[[ Data provided open ]]

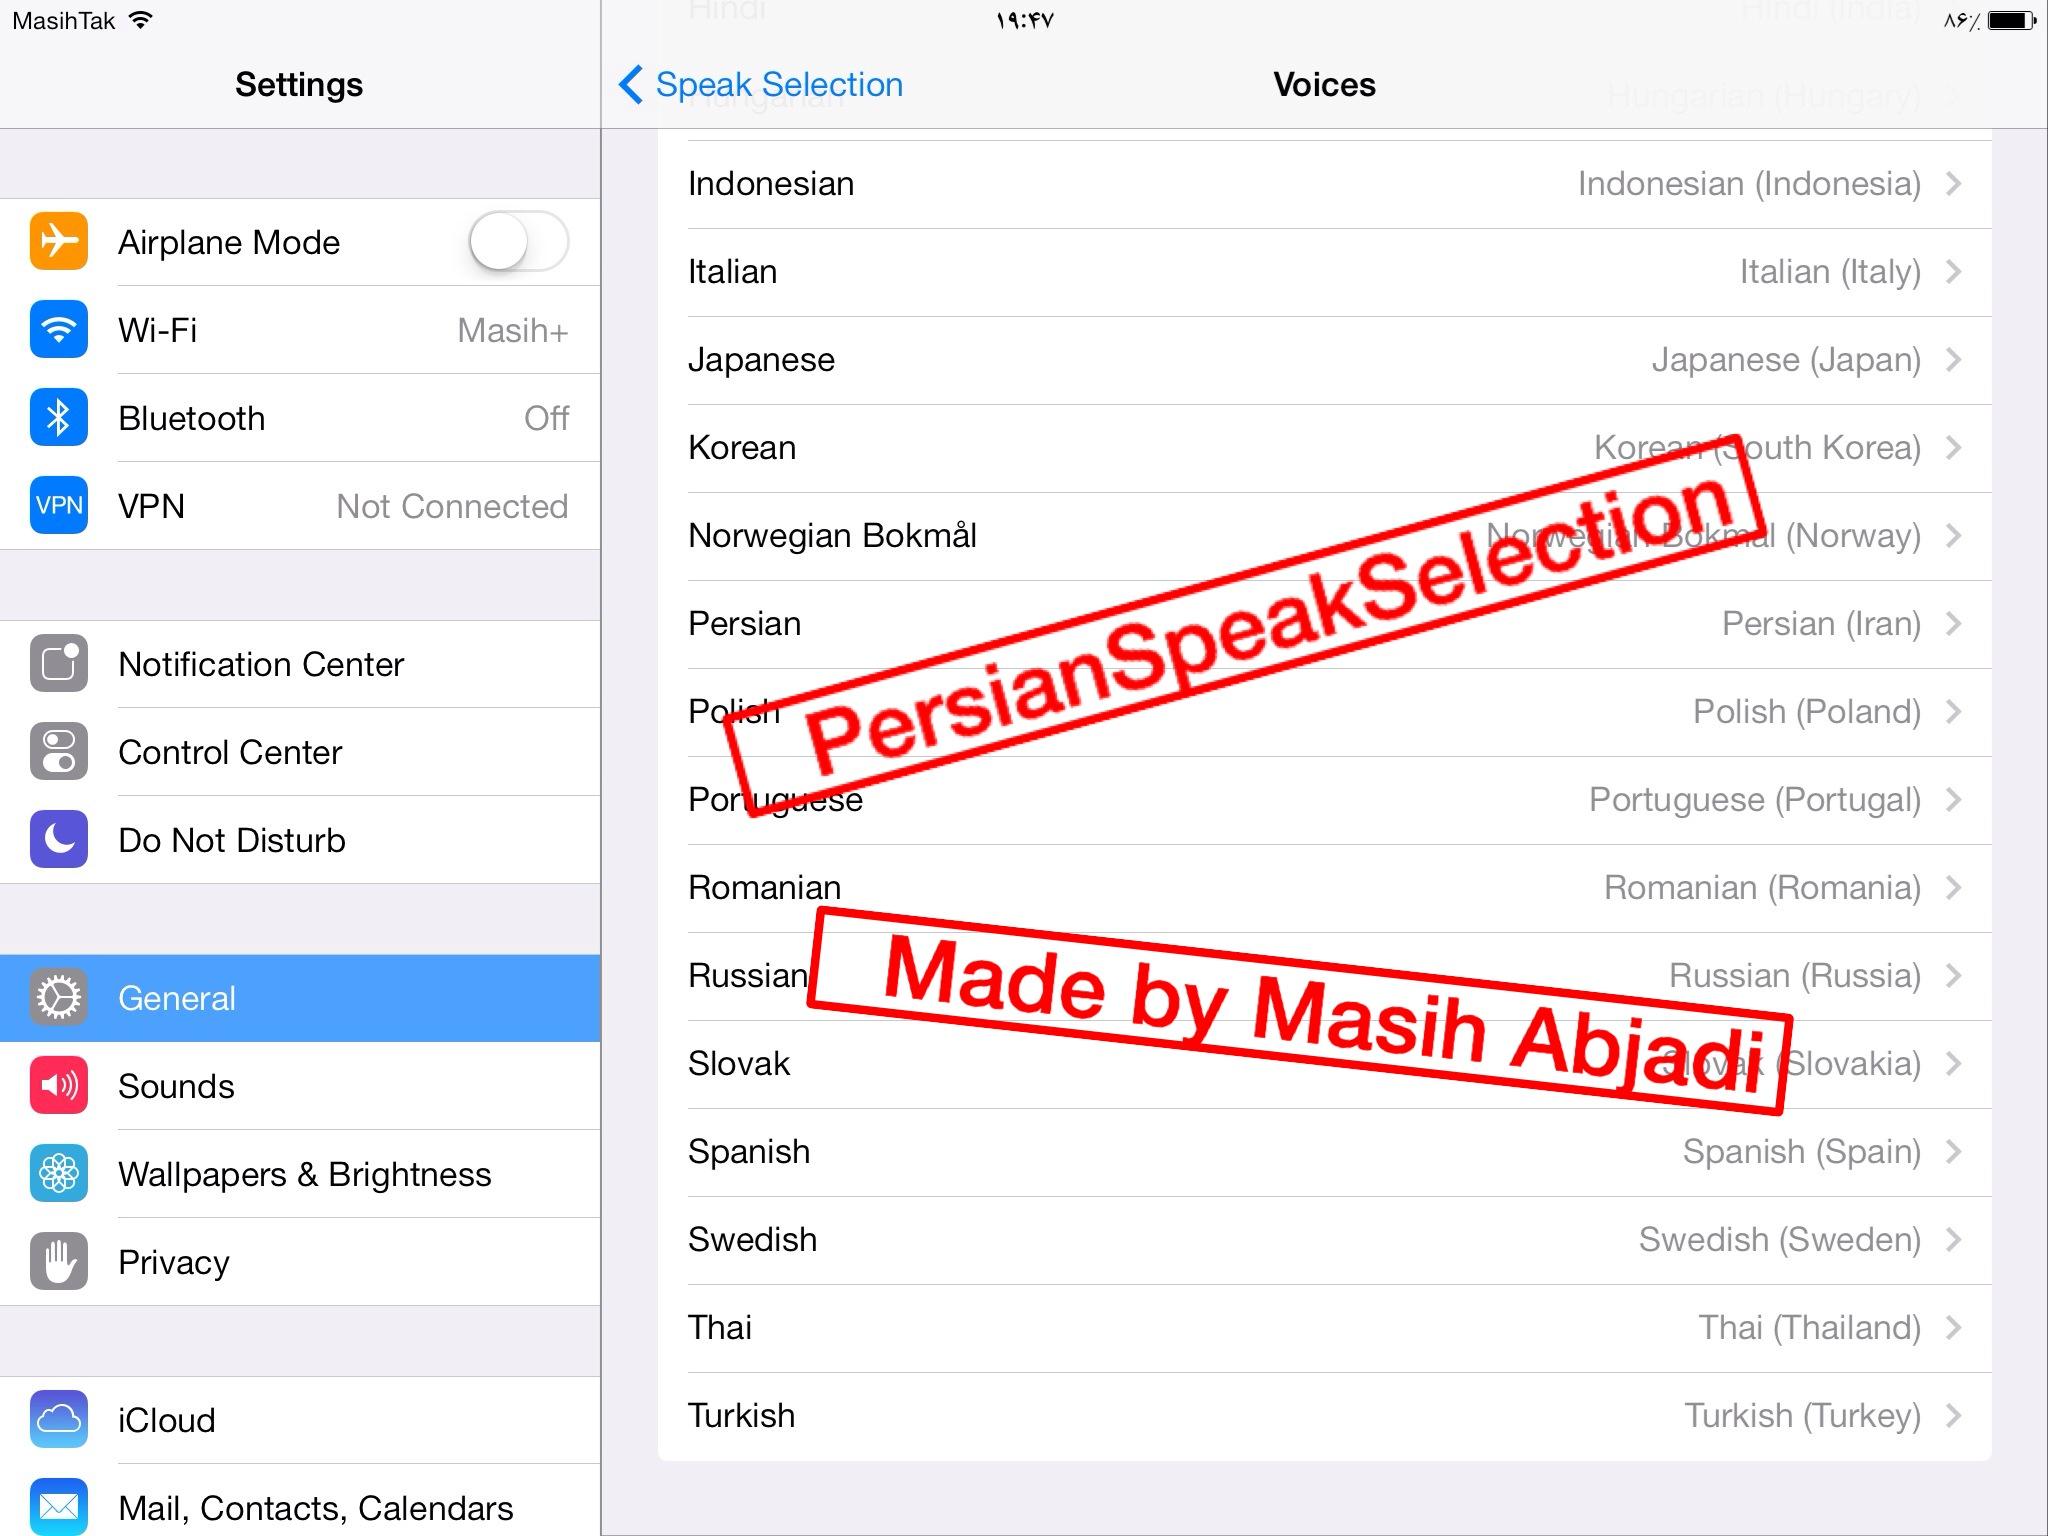 Persian Speak Selection by MasihTak
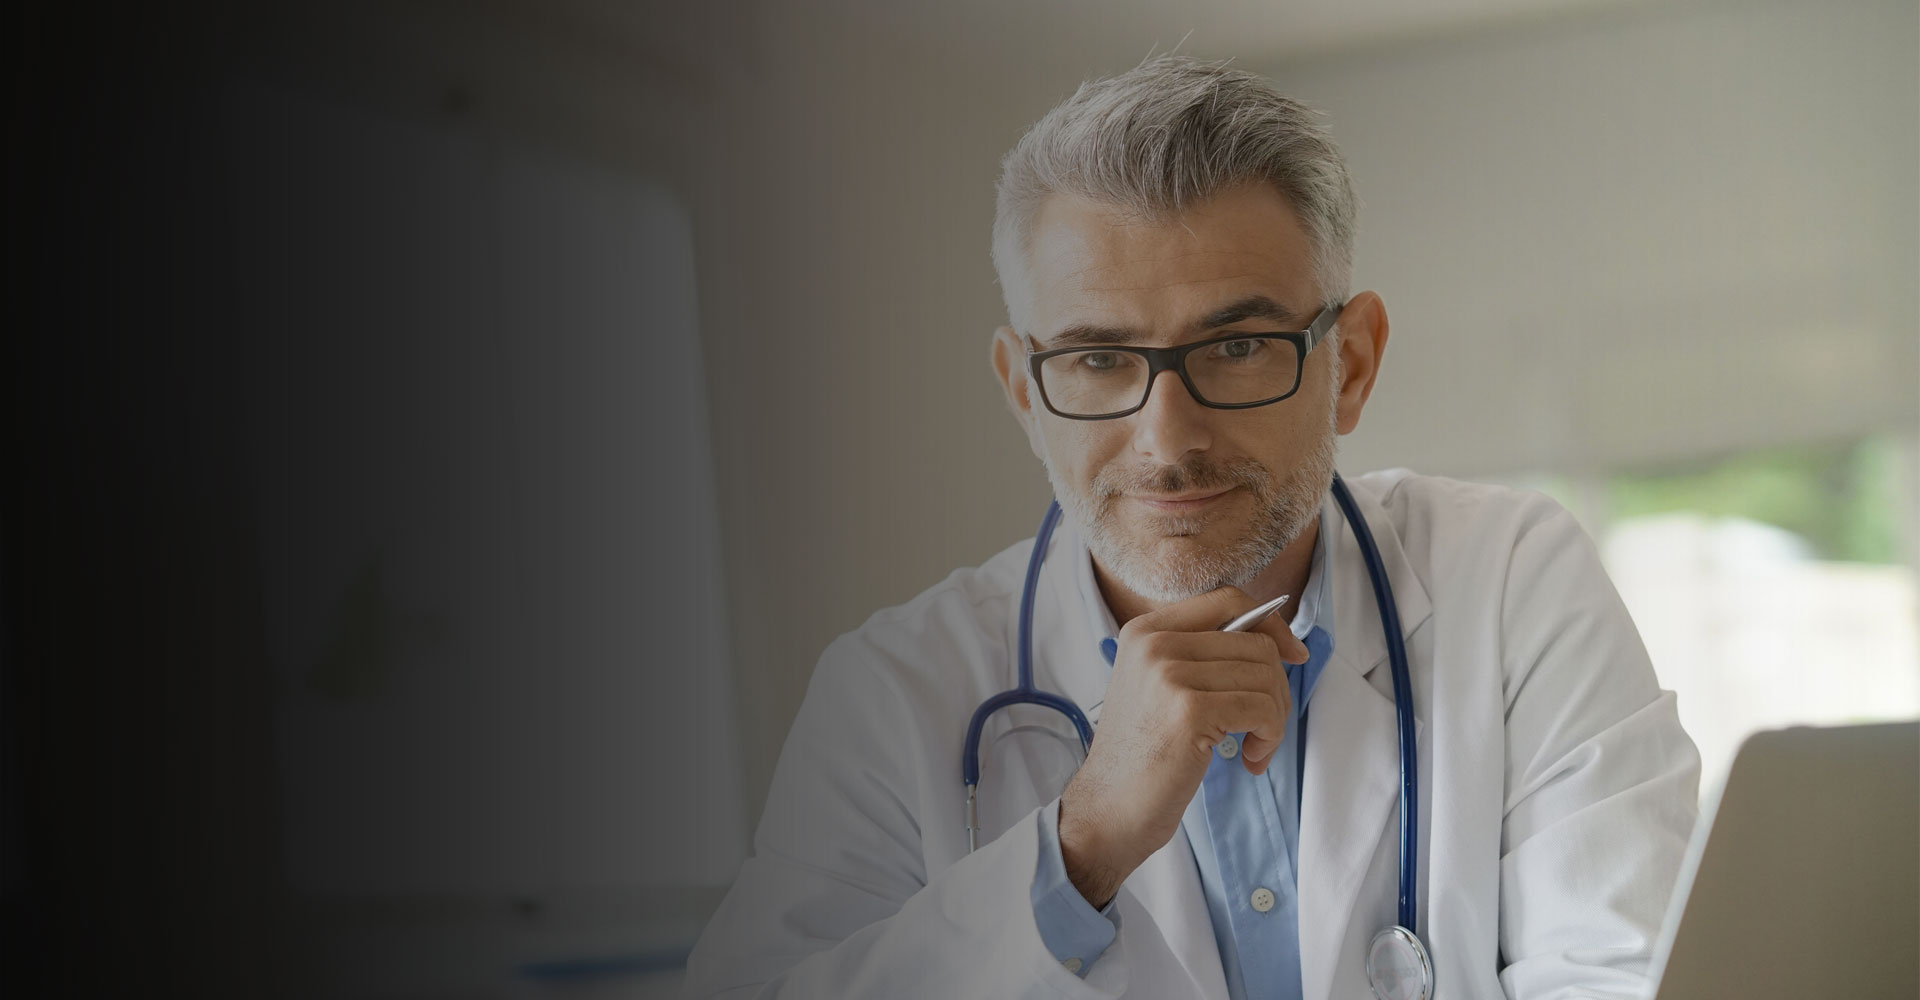 Spécialités médicales
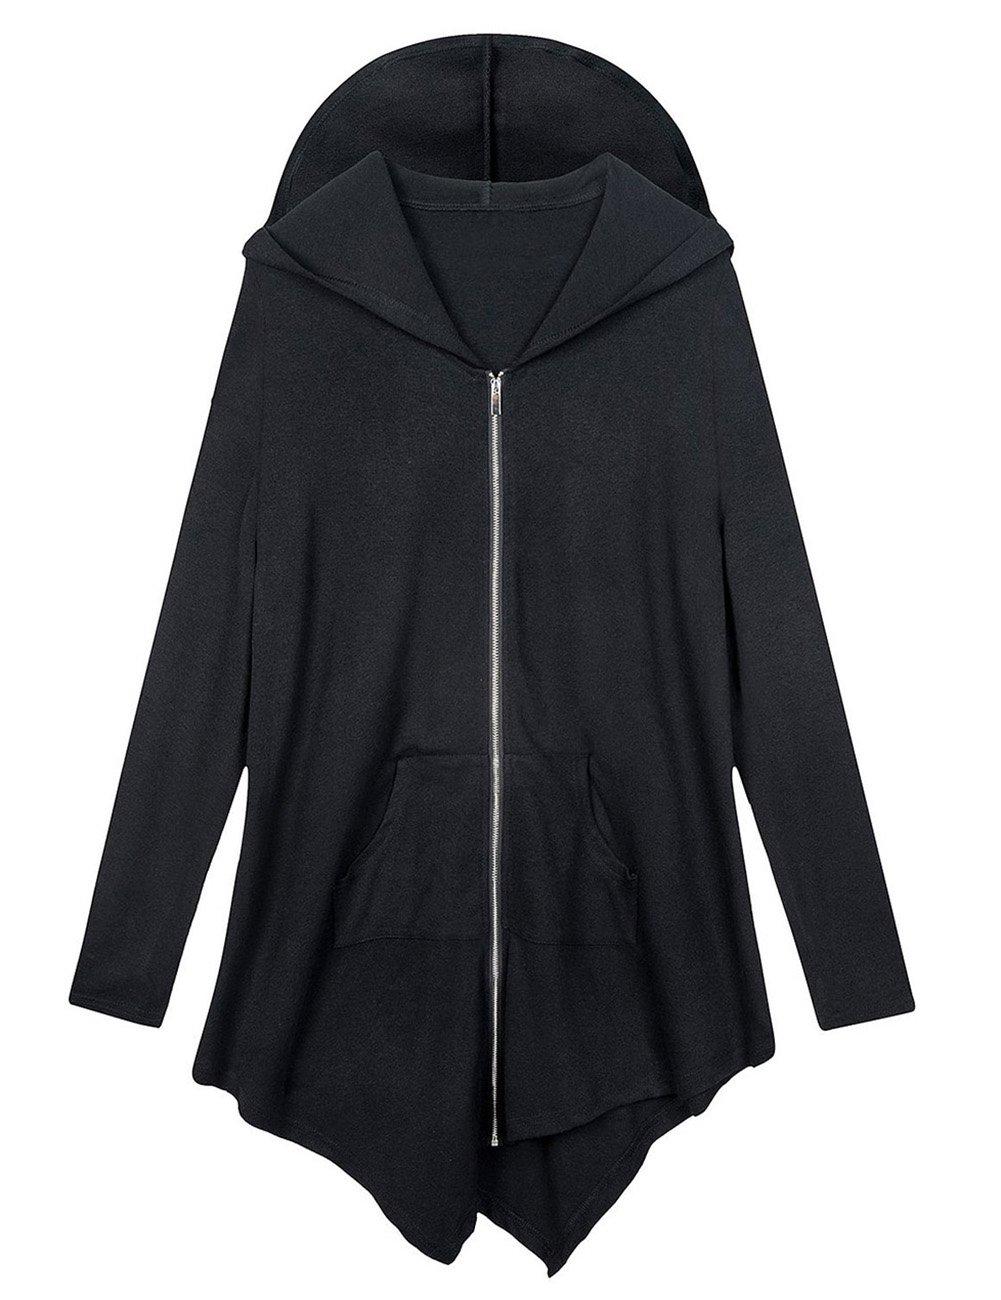 AMZ PLUS Women Plus Size Lightweight Full Zip Up Hooded Sweatshirt Hoodie Jacket Black L

[[ Data provided closed ]]

In your copy, include no pictures and only the lines from the line with "Spécialités médicales" through the final line of the listing above, reproduced exactly.

 Spécialités médicales
 AMZ PLUS Women Plus Size Lightweight Full Zip Up Hooded Sweatshirt Hoodie Jacket Black L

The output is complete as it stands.